You can see I am not making this up:

It’s painful to have to make obvious points: since when does the UK have a vote on how China conducts its internal affairs? And the health of its citizens is an internal affair. The fact that all sorts of Western companies located manufacturing operations their or contract for essential components or inputs was a business decision. In the early 2000s, I though it was crazy for any non-Chinese company to invest in China due to the risk of expropriation (which actually has happened quite a lot, just not in the way I envisaged, via intellectual property theft). So for US and European companies and their media lackeys go into a meltdown over their excessive commercial exposure to a country that does not prioritize profit the way they do is rich.

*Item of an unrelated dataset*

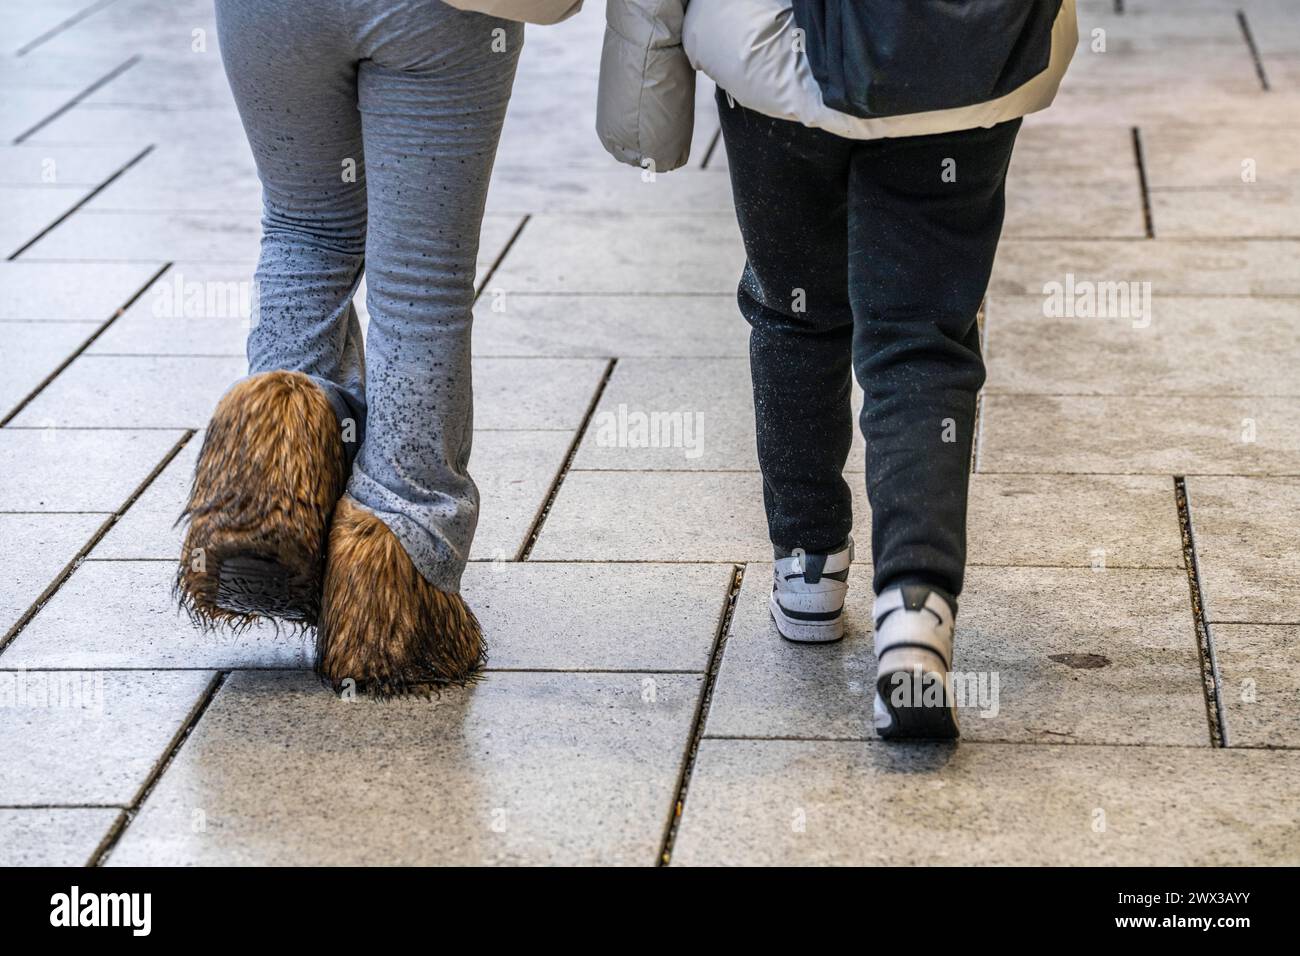 2 women walking in the rain, one woman wearing boots with long fur, wet, dirty, water splashes on her trousers, Stock Photo

Now it would be one thing if the Financial Times has a factual anchor, say that the number of infections in Shanghai made it pretty much mathematically impossible, to get Covid back down to a really low level, and hence Chinese officials were fighting a clearly losing battle. In fact, the one bit of hard information the article contained potentially showed the reverse, that the Shanghai lockdowns were starting to tamp down on the infection trajectory:

And it mentions that new infections on Wednesday, 27,719, were only slightly higher than the Tuesday count of 26,330

The article itself is largely a flabby whinge with anecdata about how the lockdowns are too costly:

On Thursday, China’s official Xinhua news agency published an article warning that the country’s medical system risked “breaking down” in the event of a mass Covid outbreak. It echoed President Xi Jinping’s comments on Wednesday calling for citizens to “overcome complacency” in “response to the virus’s mutation”….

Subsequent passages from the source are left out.